Top of Collected data

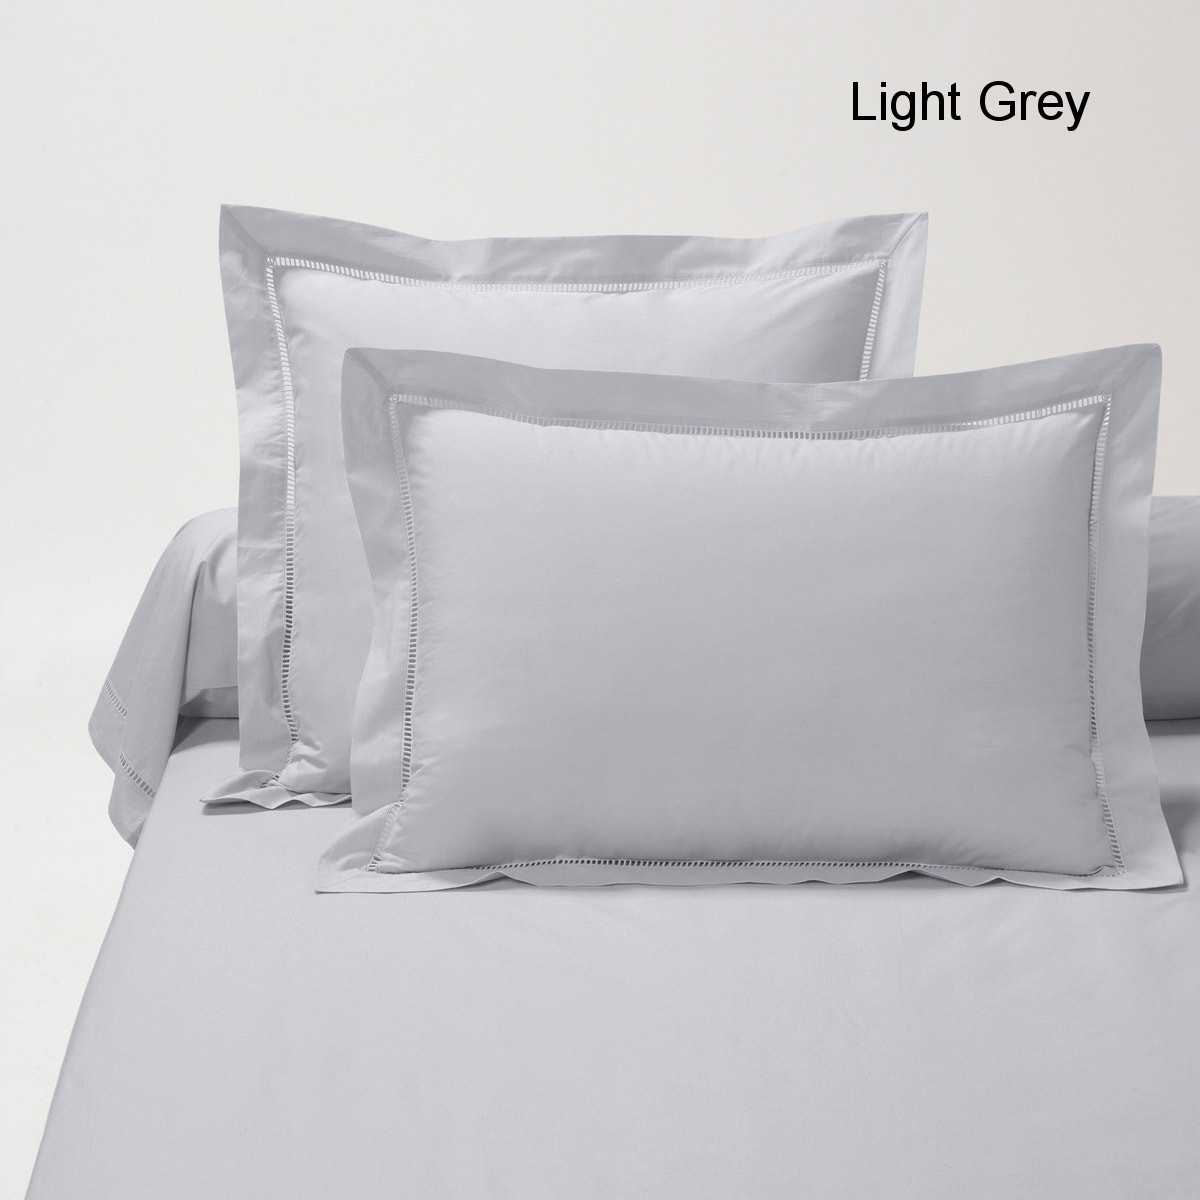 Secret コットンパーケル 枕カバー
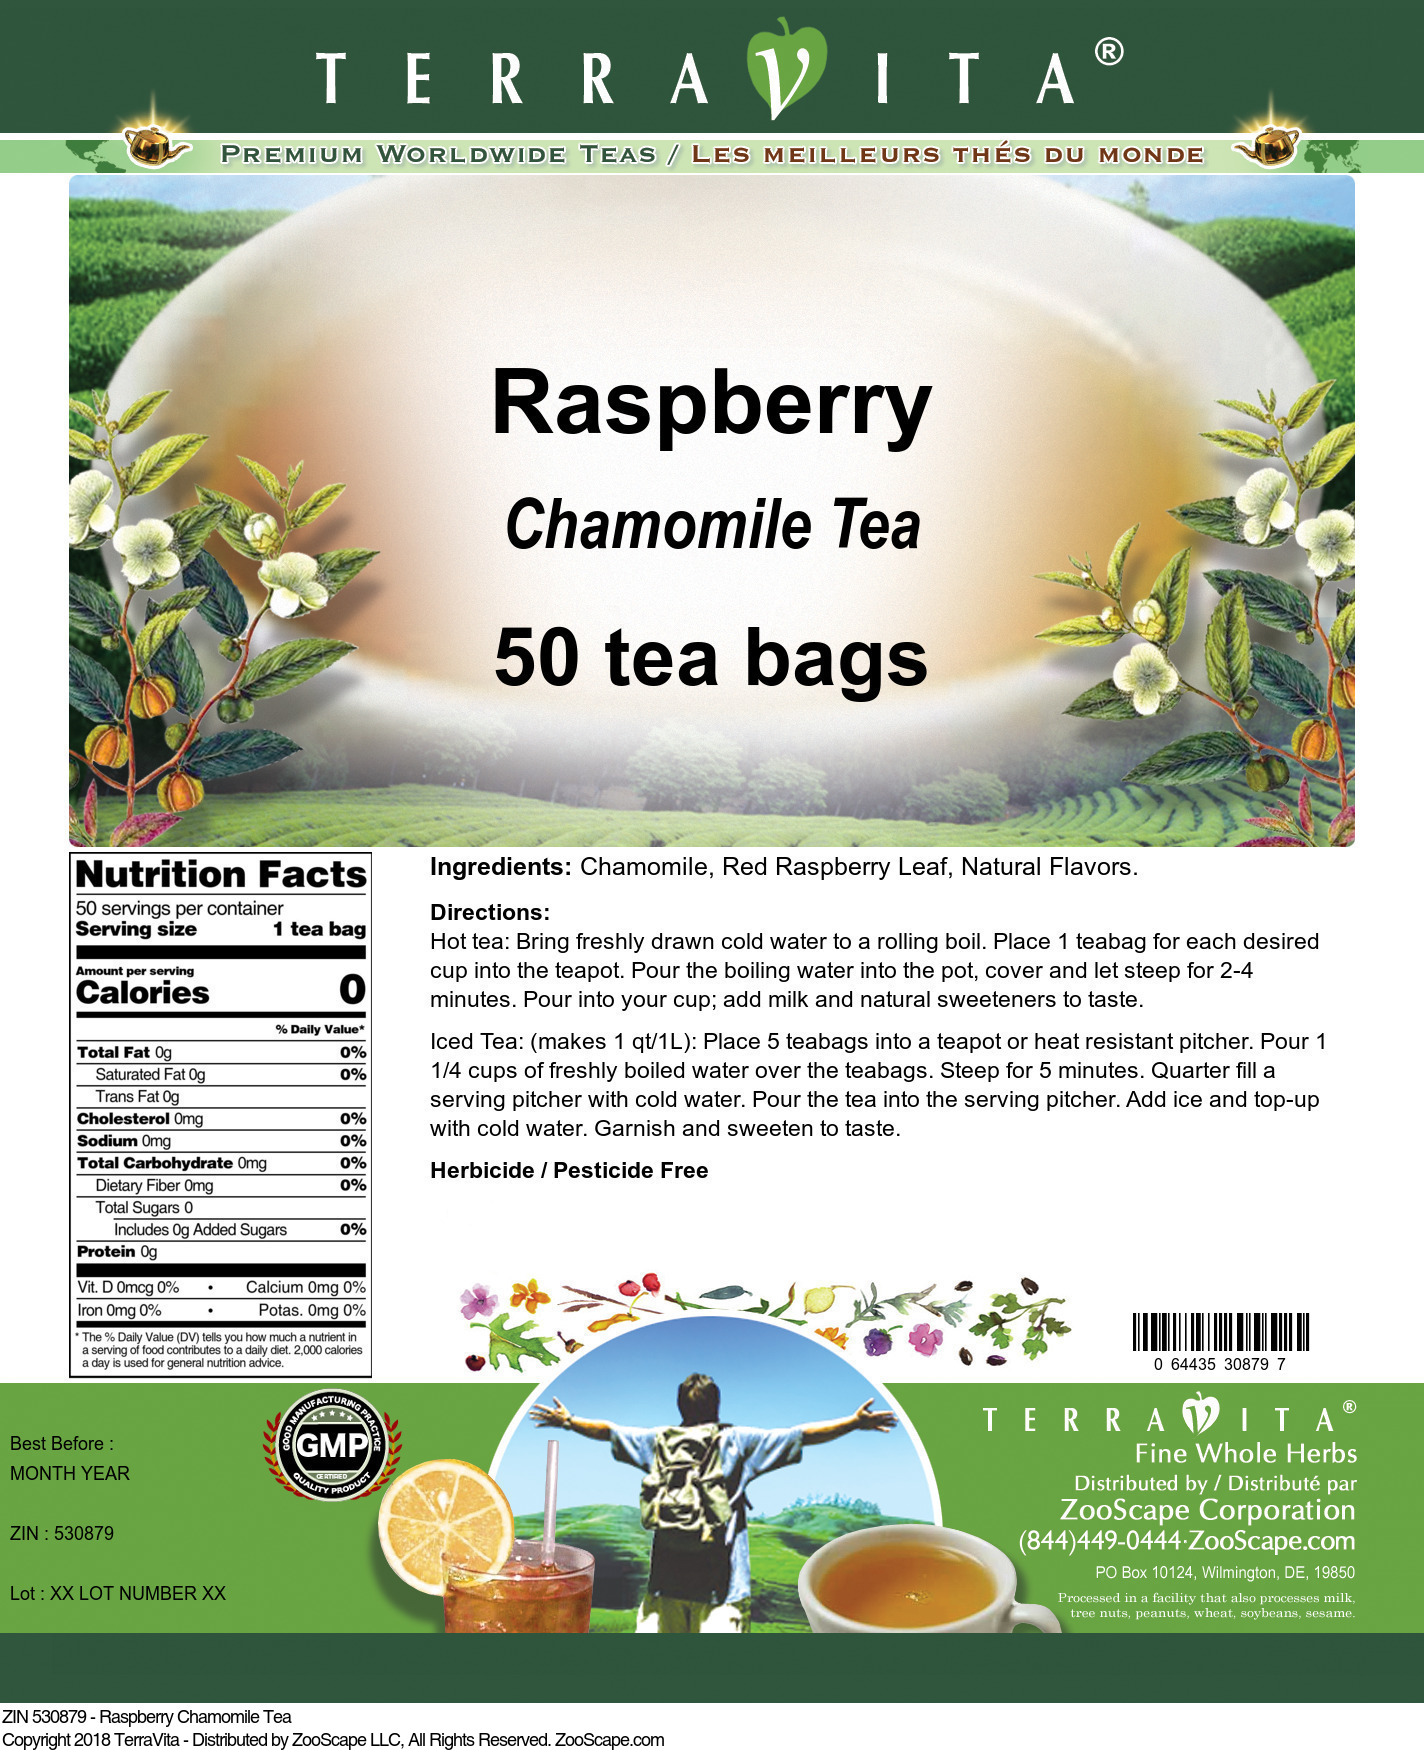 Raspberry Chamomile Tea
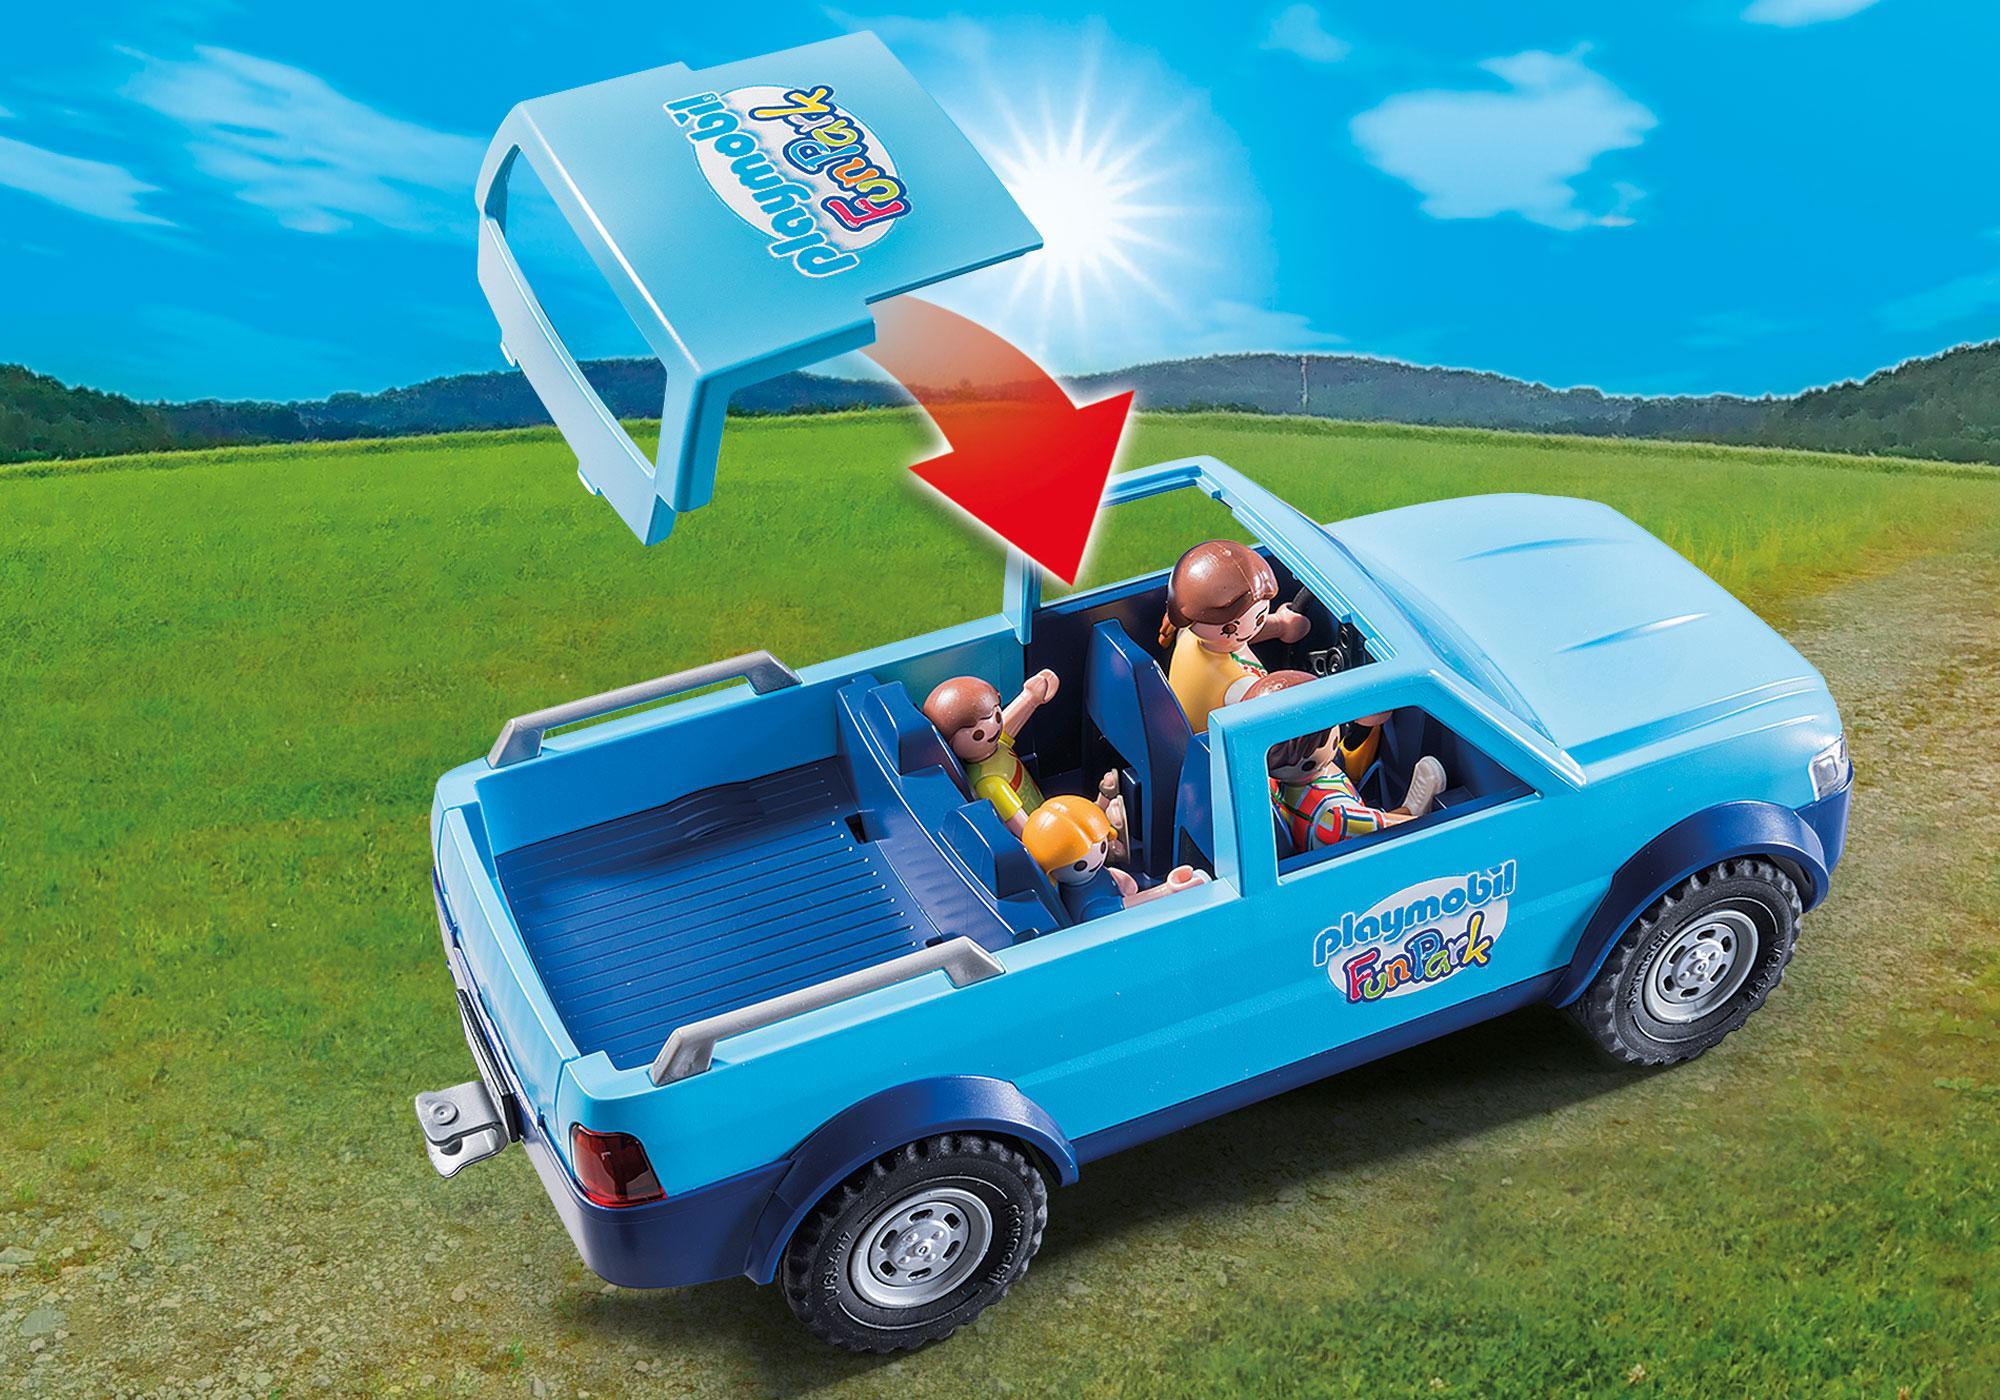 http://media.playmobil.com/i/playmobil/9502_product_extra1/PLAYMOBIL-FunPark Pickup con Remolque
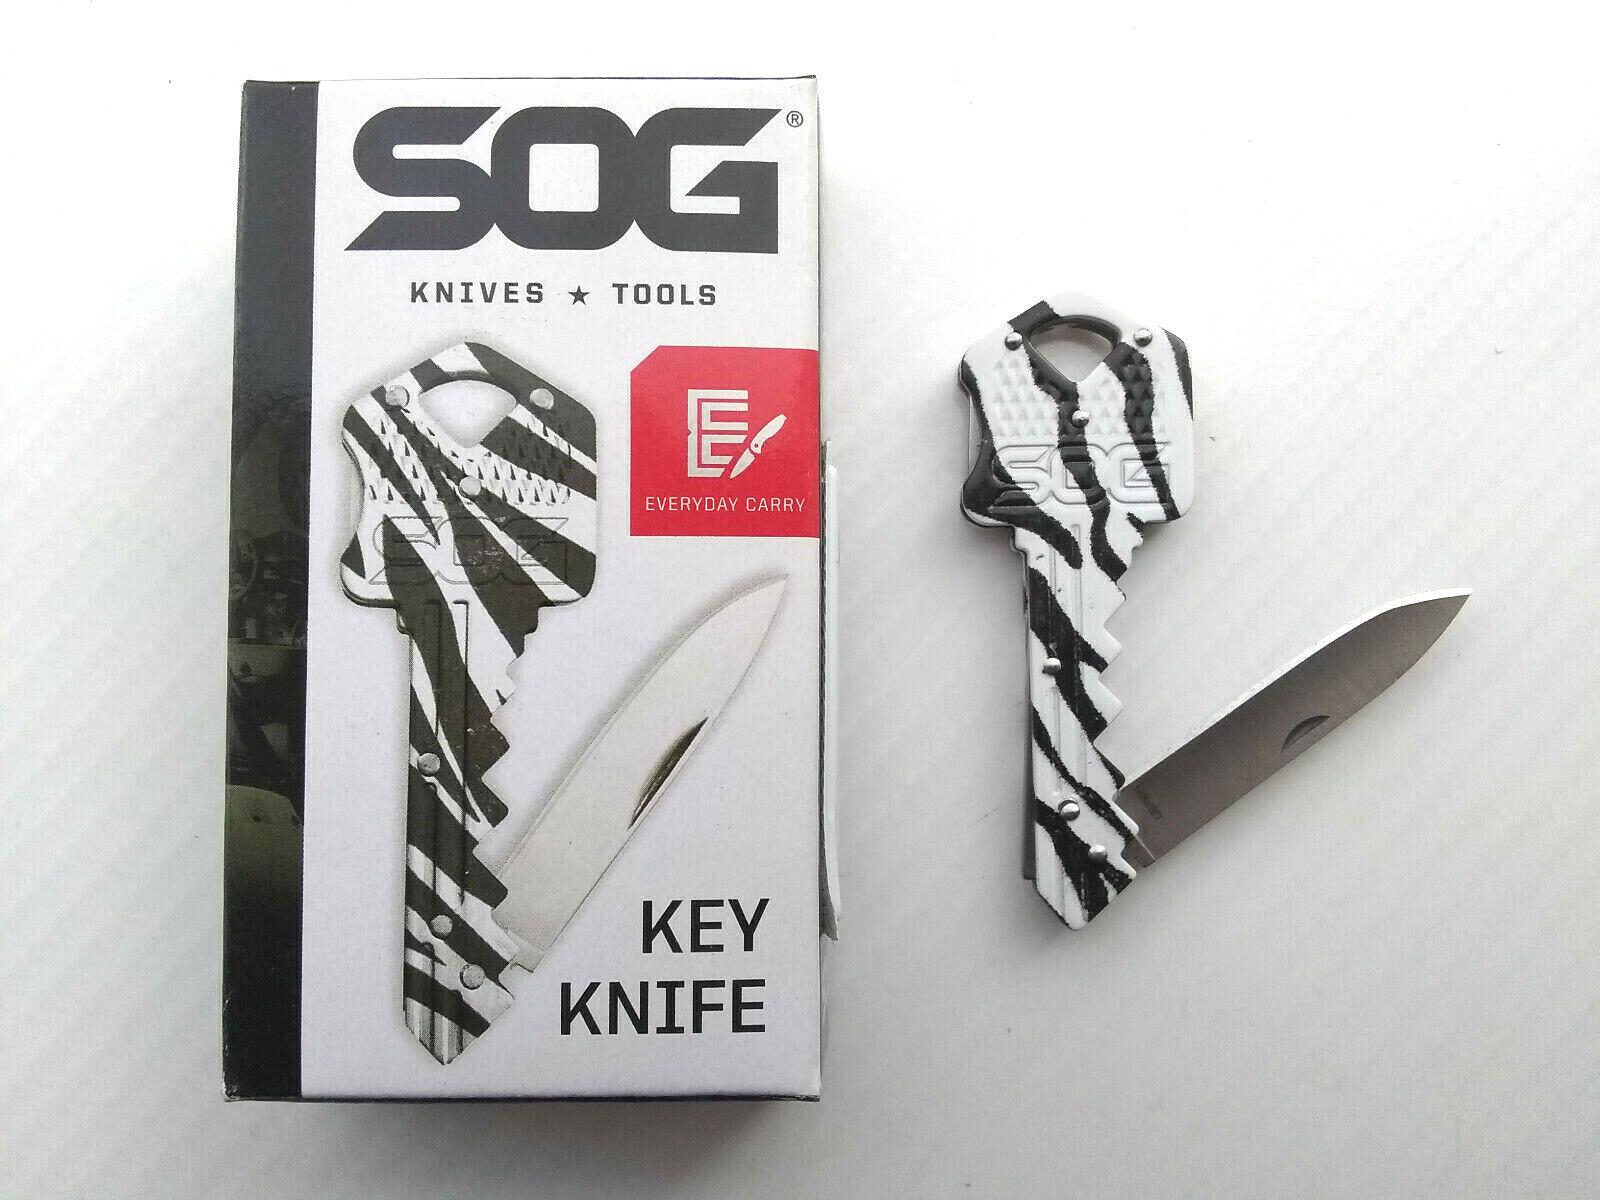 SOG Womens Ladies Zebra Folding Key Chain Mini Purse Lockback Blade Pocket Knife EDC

Bottom of Collected data

> [Task to complete]: Leave the images aside and retype each line of the listing above exactly.

> [Answer for the task]:
 Secret コットンパーケル 枕カバー
 Raspberry Chamomile Tea
 http://media.playmobil.com/i/playmobil/9502_product_extra1/PLAYMOBIL-FunPark Pickup con Remolque
 SOG Womens Ladies Zebra Folding Key Chain Mini Purse Lockback Blade Pocket Knife EDC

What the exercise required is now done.